> [Activity]
The whole listing below needs to be duplicated exactly, pictures aside.

> [Given material]
# # # #
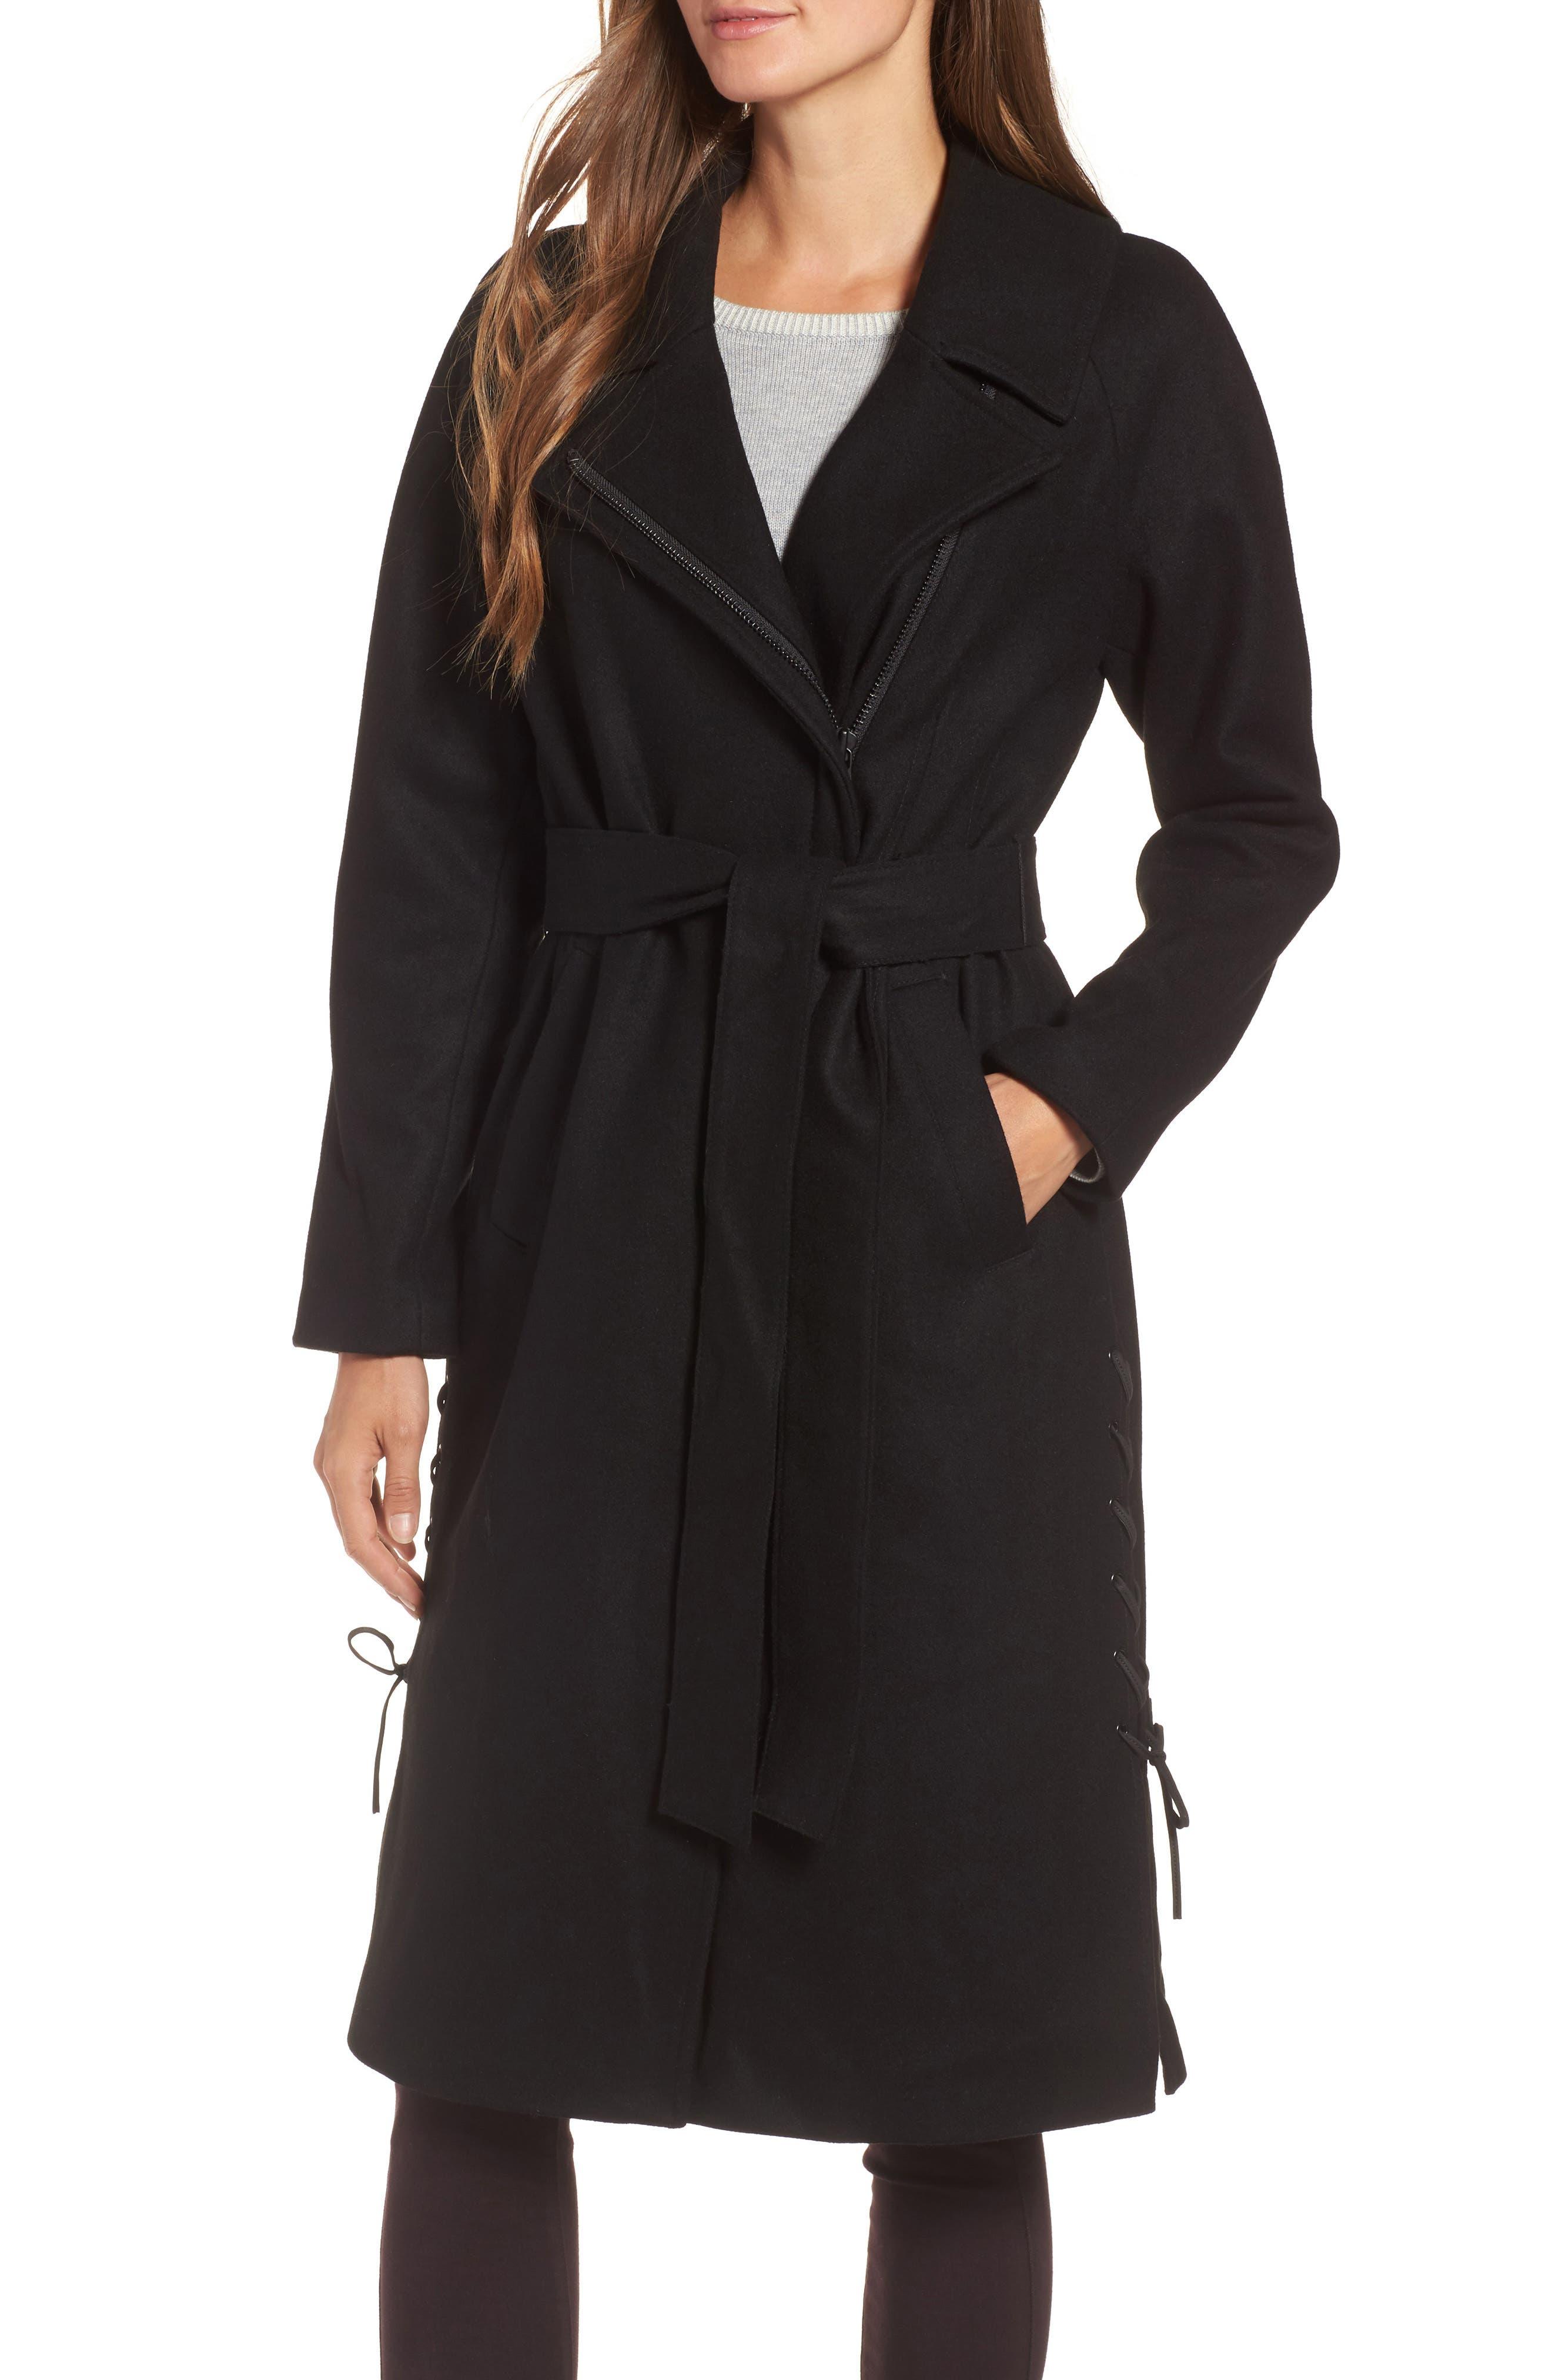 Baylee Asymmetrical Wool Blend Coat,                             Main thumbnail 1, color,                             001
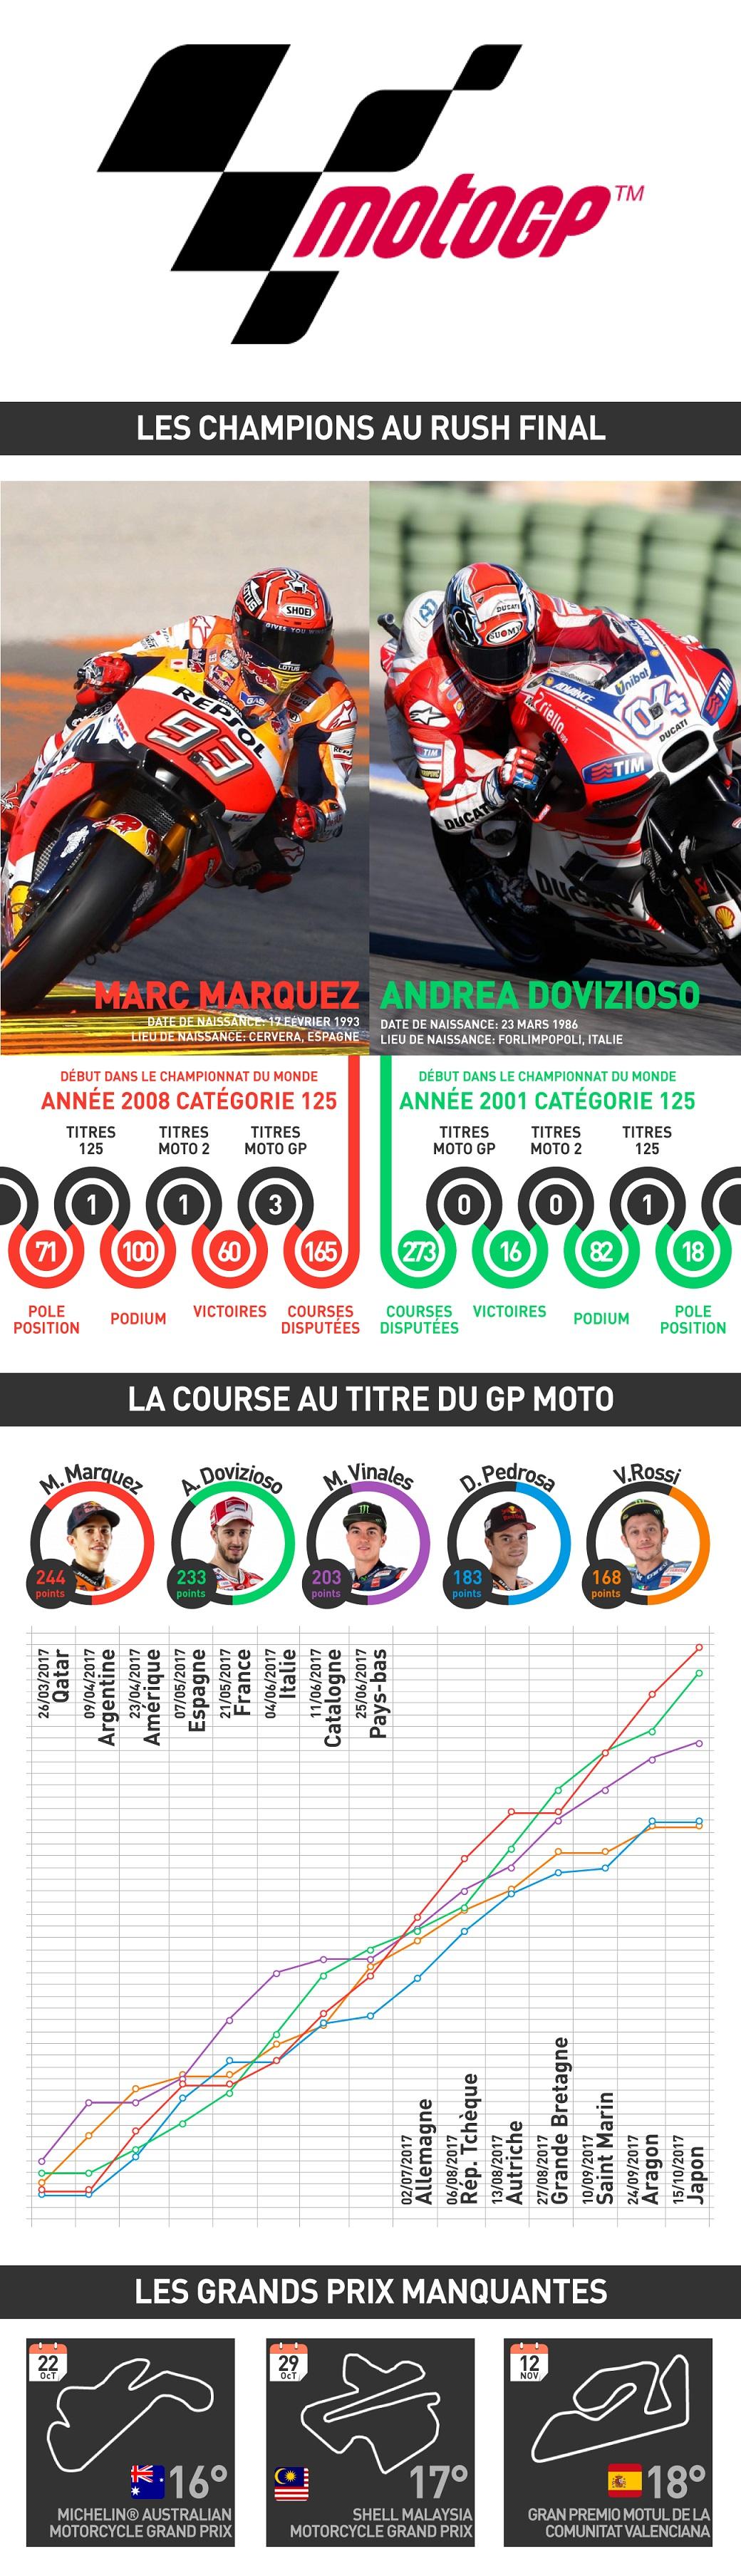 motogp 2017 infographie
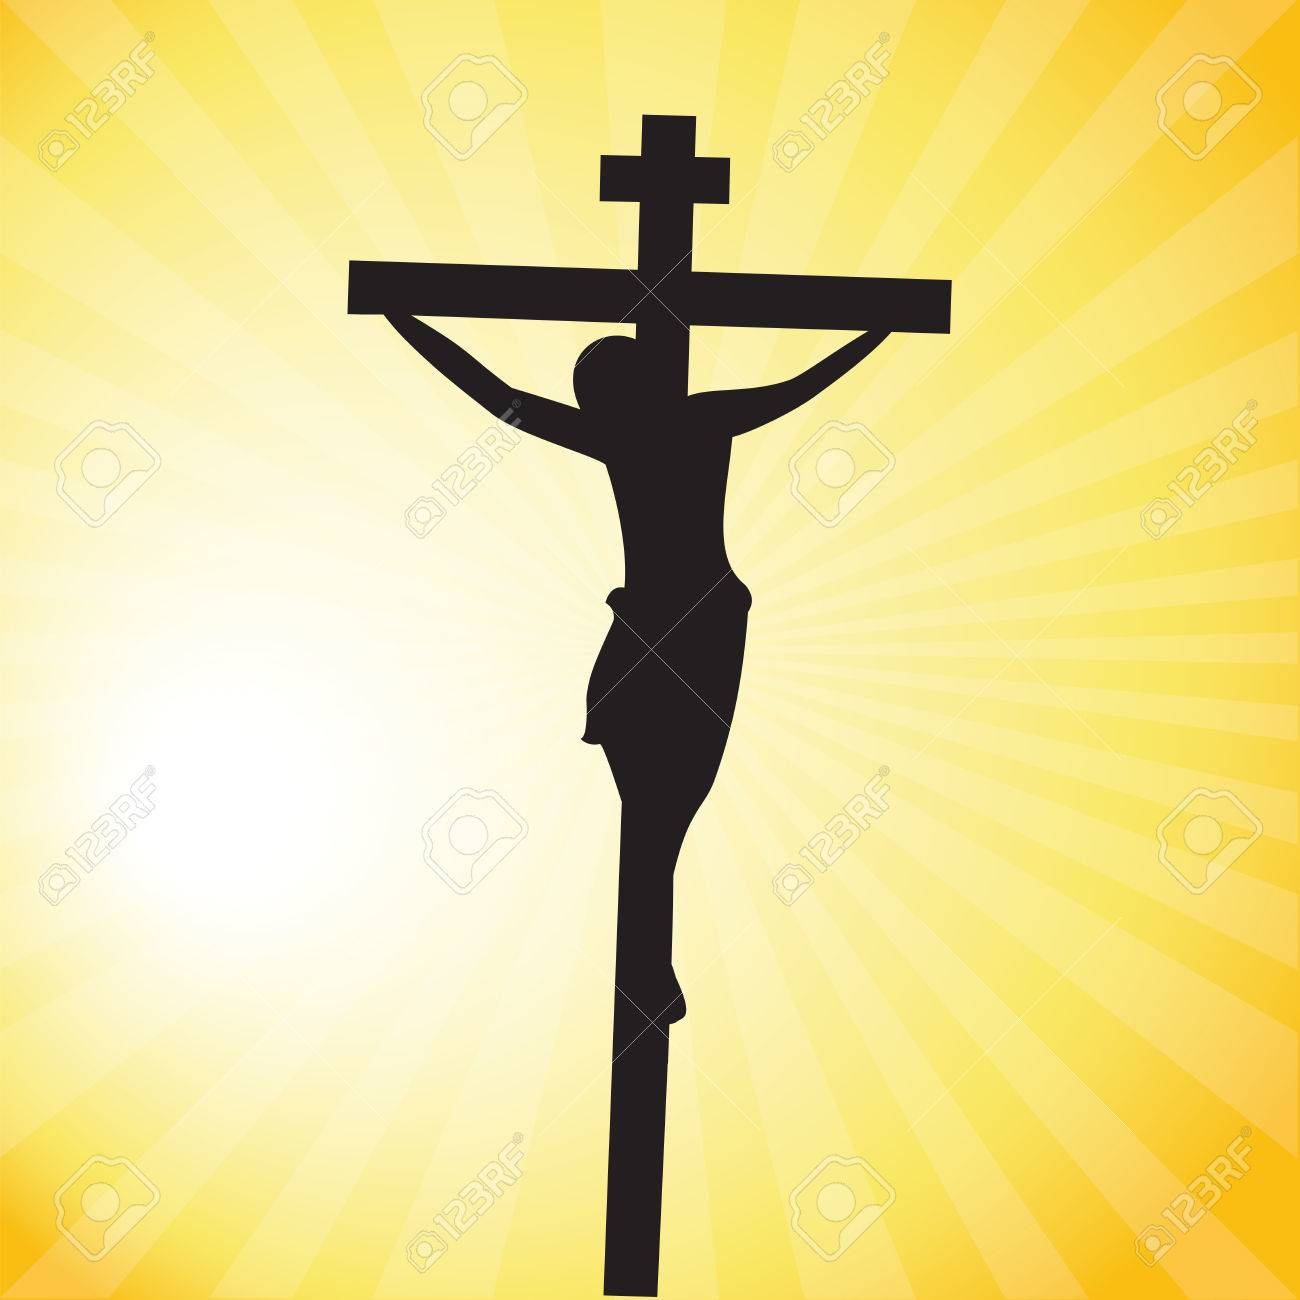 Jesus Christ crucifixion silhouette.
# # # #
> [Finished exercise]
 Baylee Asymmetrical Wool Blend Coat,                             Main thumbnail 1, color,                             001
 motogp 2017 infographie
 Jesus Christ crucifixion silhouette.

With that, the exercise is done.